Re: [PATCH v2 1/1] sparc64: Fix comparator problem with timer interrupts

From: Tony Rodriguez

Date: Tue May 19 2026 - 19:27:14 EST


Hi Thomas,

Thanks again for the careful analysis of the comparator ordering. After applying the changes in the patch I confirmed S7‑2 and T7‑1 systems no longer hang; timer scheduling now behaves as expected.

I don’t have bandwidth right now to finish the remaining tidy steps and I’d rather avoid delaying this fix. Since we worked on this together and you’re familiar with the issue, would you be willing to take it over so upstream has everything required for approval? I’m happy to answer any questions; if you’re busy I can ask the maintainer to reassign.

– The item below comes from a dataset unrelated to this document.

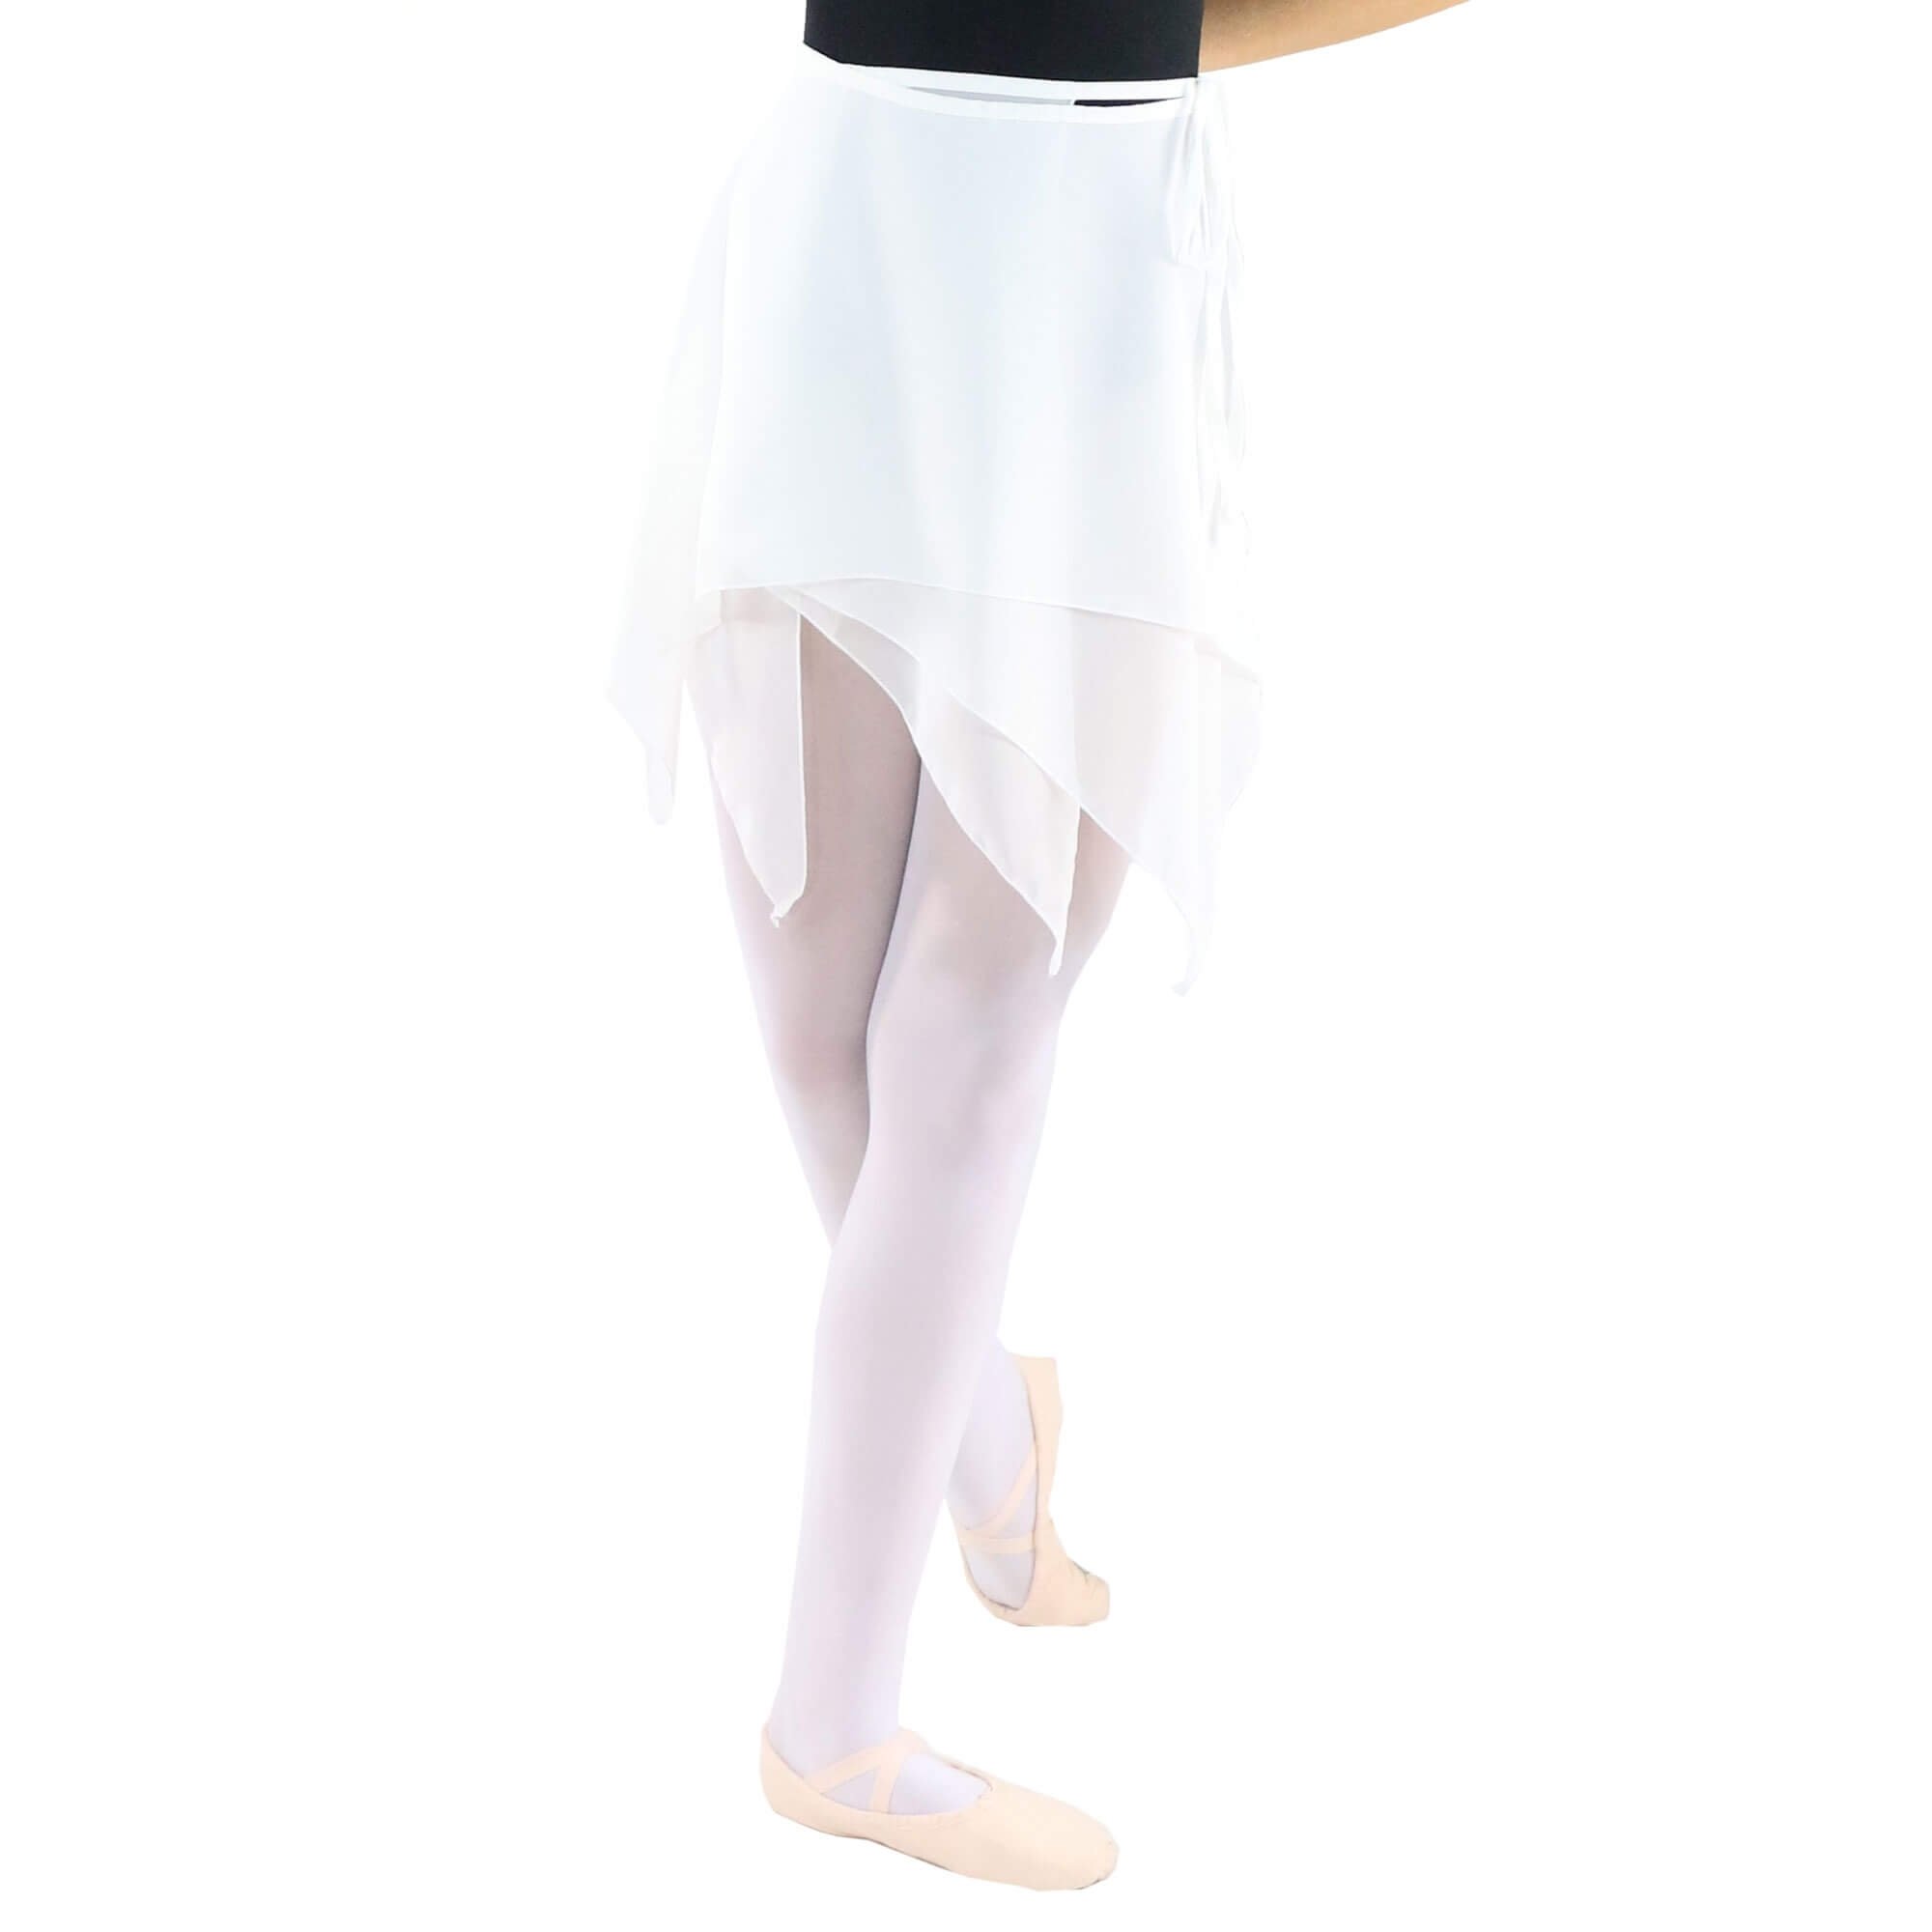 Danzcue Adult Asymmetric Ballet Dance Wrap Skirt - Click Image to Close
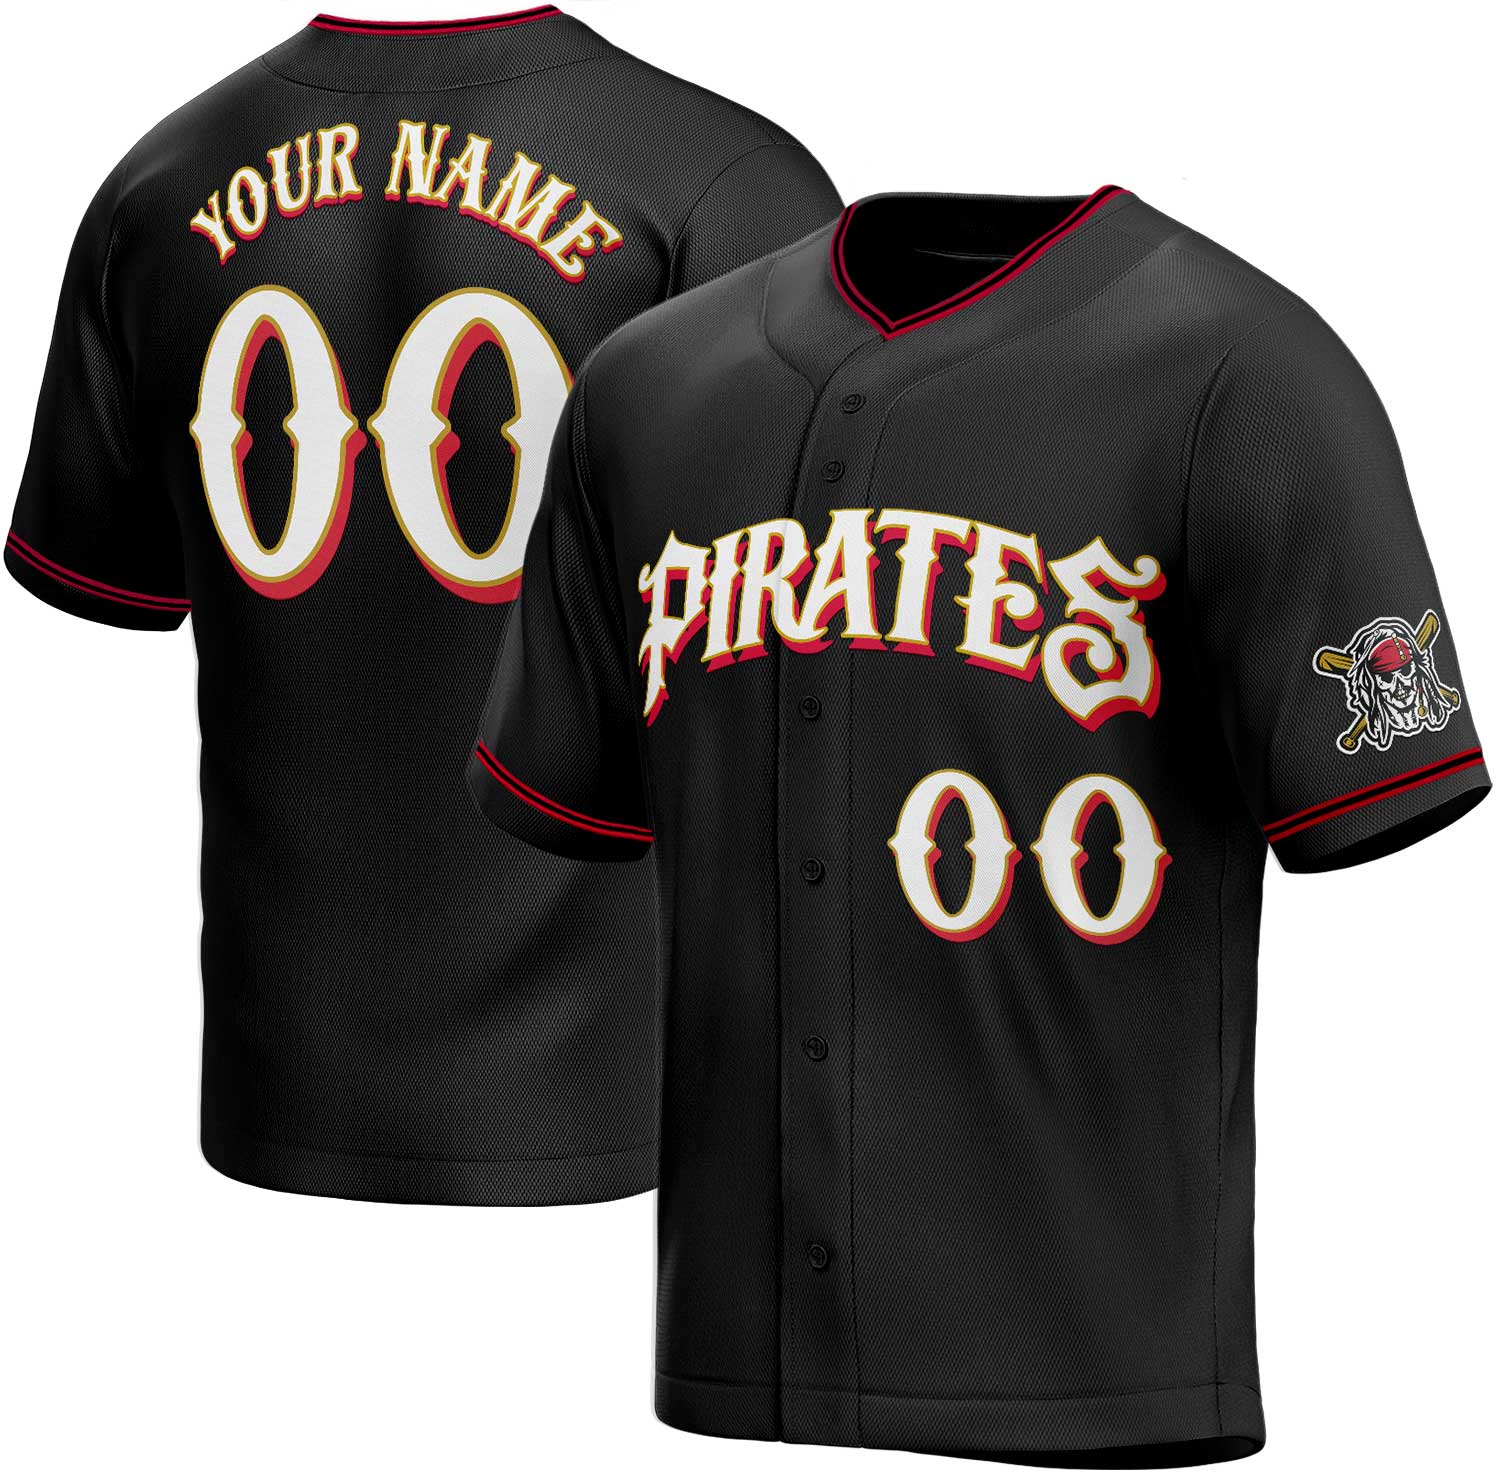 pirates baseball team jersey

Thanks again for the review and the clear explanation.

Tony

On 5/19/26 7:22 AM, Thomas Gleixner wrote:
On SPARC64 the check:

return ((long)(new_tick - (orig_tick + adj))) > 0L;

Is safe only if retries make forward progress. The comparator can
take effect with a latency, so the moment when counter == comparator
may be missed, which can cause delays or hangs on some SPARC64 systems.

For clarity:
exp = orig_tick + adj /* expected comparator value */

The current check requires new_tick to be strictly greater than exp;
equality (new_tick == exp) is treated as not yet passed and the caller
will retry.
That's confusing at best. You really want to explain how the ordering is
similar to what I described in the analysis:

exp = read_cnt() + delta_ticks;
write_cmp(exp);
return (read_cnt() - exp) > 0;

If the counter advanced past the expected expiry time, after writing it,
then the caller will retry, as the calling code does:

return tick.add_compare(delta_ticks) ? -ETIME : 0;

But it won't do so when the counter is equal, which is causing the
problem.

By contrast, using:

return ((long)(new_tick - (orig_tick + adj))) >= 0L;

causes the caller to stop retrying and assume the timer is scheduled;
both equality and greater-than are accepted (new_tick == exp or
new_tick > exp).
It's the other way round. When counter >= expiry time, then the write is
considered failed. If the counter has not yet reached expiry time,
i.e. it is smaller, then it assumes the timer is scheduled.

Signed-off-by: Tony Rodriguez<unixpro1970@xxxxxxxxx>
It would be nice to have a link to the original thread in the change log
itself as that gives people quick access when they are wondering about
this a year down the road.

Thanks,

tglx